DemonCrawl

I wanted to take things easy for this week’s review. I kinda wanted to play another RPG to solidify myself as that one person that plays indie RPGs, but well, I’ll be playing a bunch of short ones soon in the near future.

So I figured I should do something else and checked out DemonCrawl, by Therefore Games. A friend of mine played a bunch of it and the Steam sale was going on at the time, so hey, why not?

DemonCrawl is basically Minesweeper with a whole bunch of roguelike elements shoved in. If you somehow don’t know what Minesweeper is, it was a free puzzle game that came out with most computer. Well, I guess not anymore, since typing that into the Windows search bar now has the goddamn nerve to give me a web search as if I asked for one.

Minesweeper presents you with a grid of tiles. Click on a tile and it opens it up, with the possibility of opening a bunch of adjacent empty spaces. Spaces with a number on them indicate how many mines are near that particular space and clicking on a mine is an automatic loss. Your goal is to click through every non-mine space on the board.

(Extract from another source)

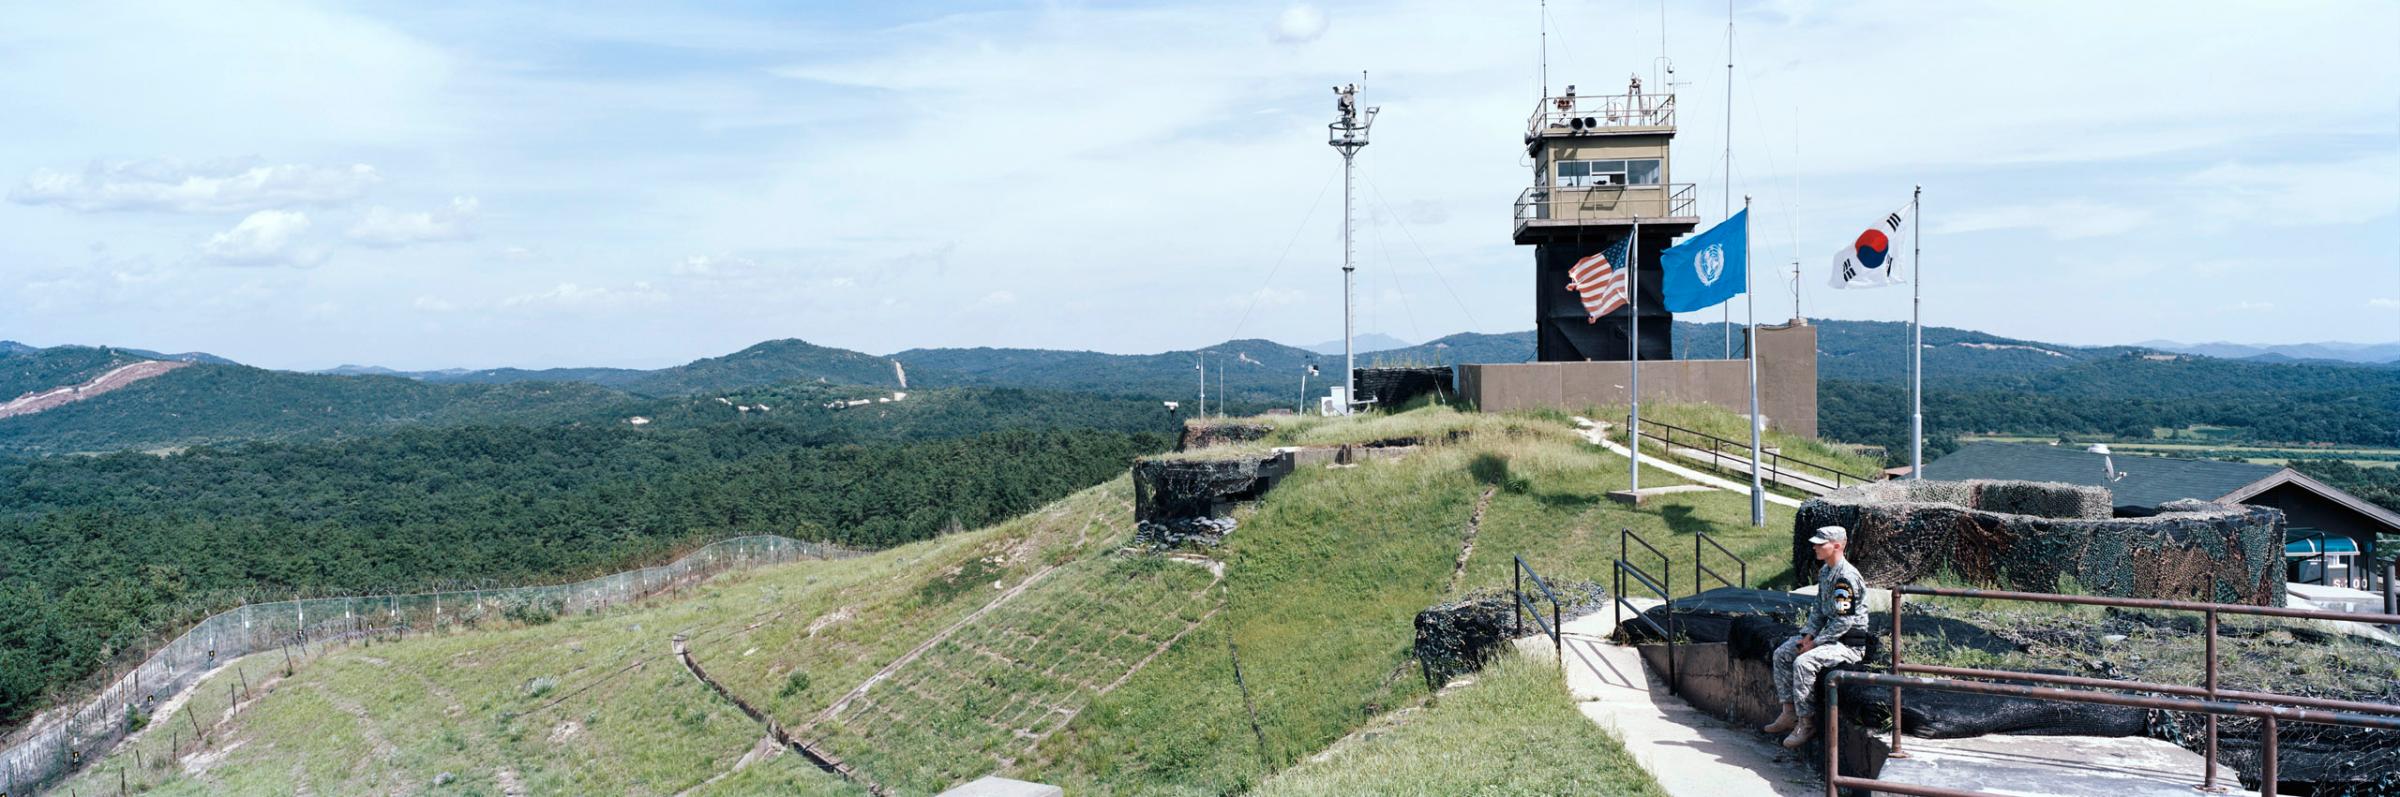 Demilitarized Zone, Panmunjom, Korea, 2009.

Then, DemonCrawl comes along to add a bunch of RPG and roguelike elements onto it. Mines are now enemies and you have a health and defense stat, meaning that – especially early on – accidentally clicking on enemies isn’t an immediate loss. You can collect and buy equipment to bolster your defenses, and you can find passive items to influence your play or use active ones to turn the tide in your favor.

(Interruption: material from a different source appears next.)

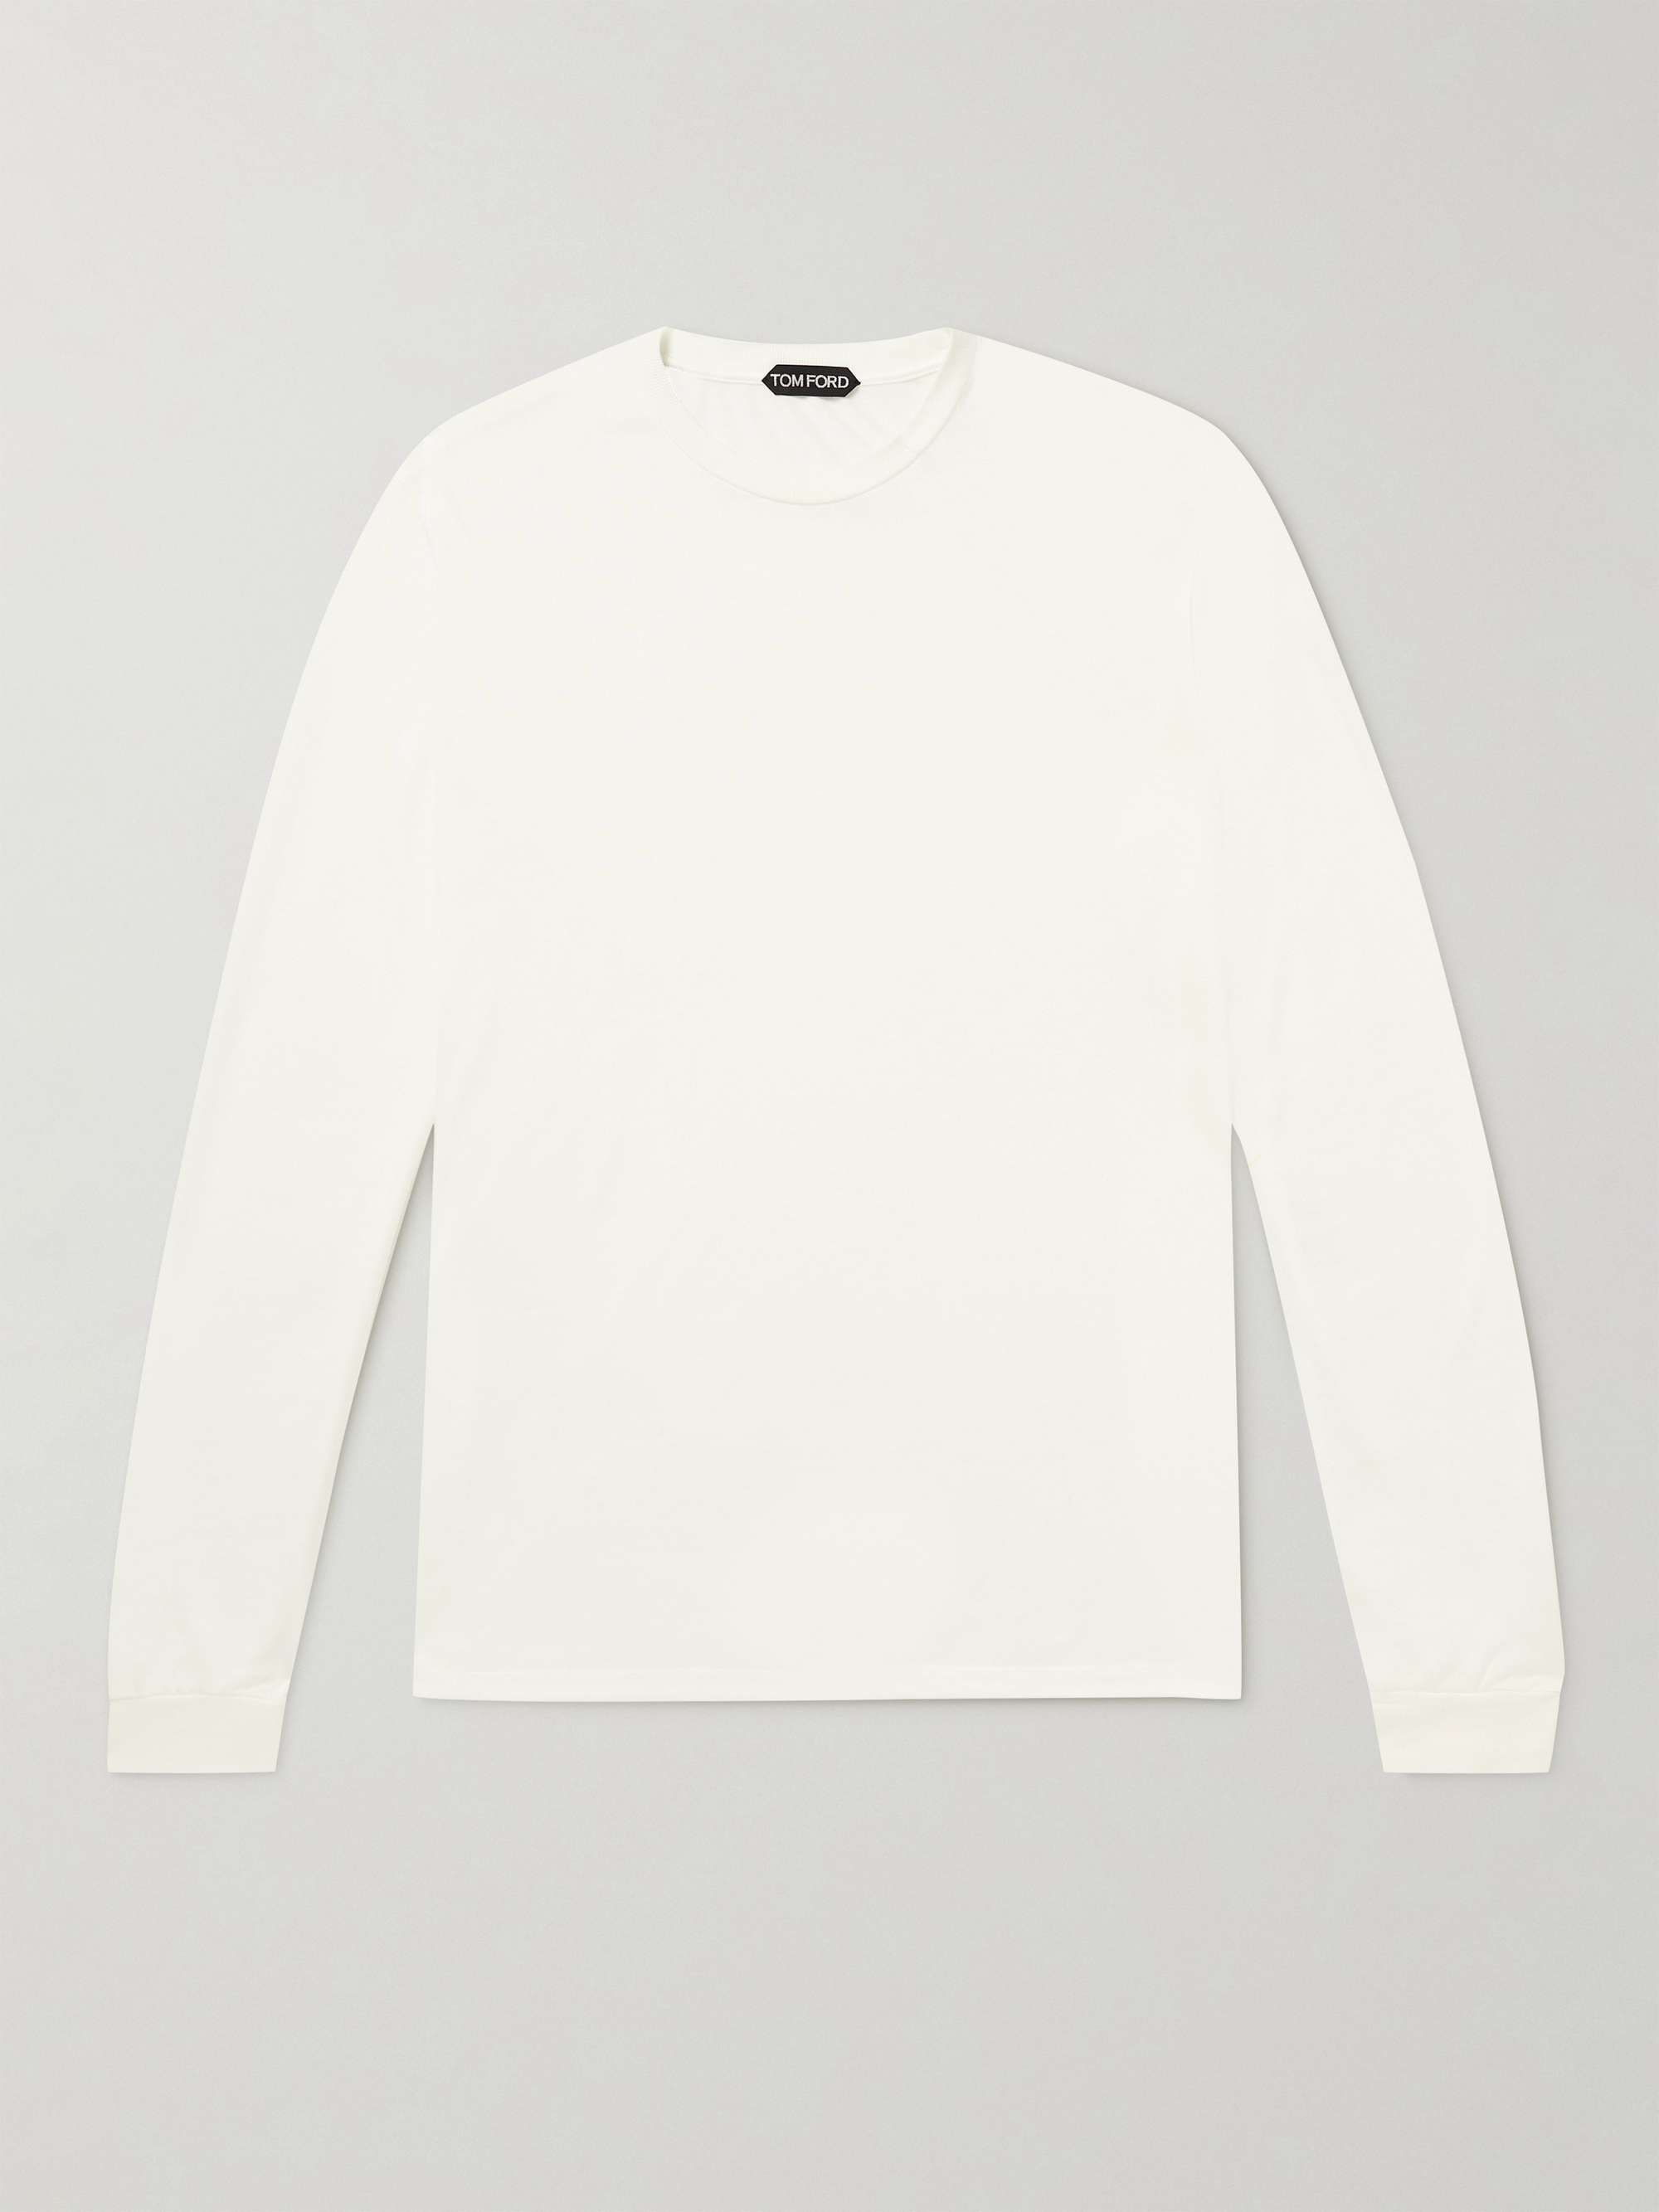 White Lyocell and Cotton-Blend T-Shirt | TOM FORD | MR PORTER

Sometimes you’ll find strangers within a board. The bubble boy blows bubbles all around, and anything that gets bubbled up can get carried across stages. This is insanely practical if you have a mercenary running around, which is an NPC you can pay to go around solving cells and killing the monsters in them.

Going into the game, you can choose a mastery to influence things. The starting one gives you a revive if you score enough points before death, while there’s stuff like barbarian that lets you murder strangers on sight if you can’t afford their services. To unlock more masteries and improve existing ones, you have to accomplish goals in the game. And to be honest, accomplishing a lot of them feels pretty luck based. For instance, the spy mastery is handy in that it shows off the number in some unopened tiles, but to get it you’re gonna have to luck into getting an item that lets you do that.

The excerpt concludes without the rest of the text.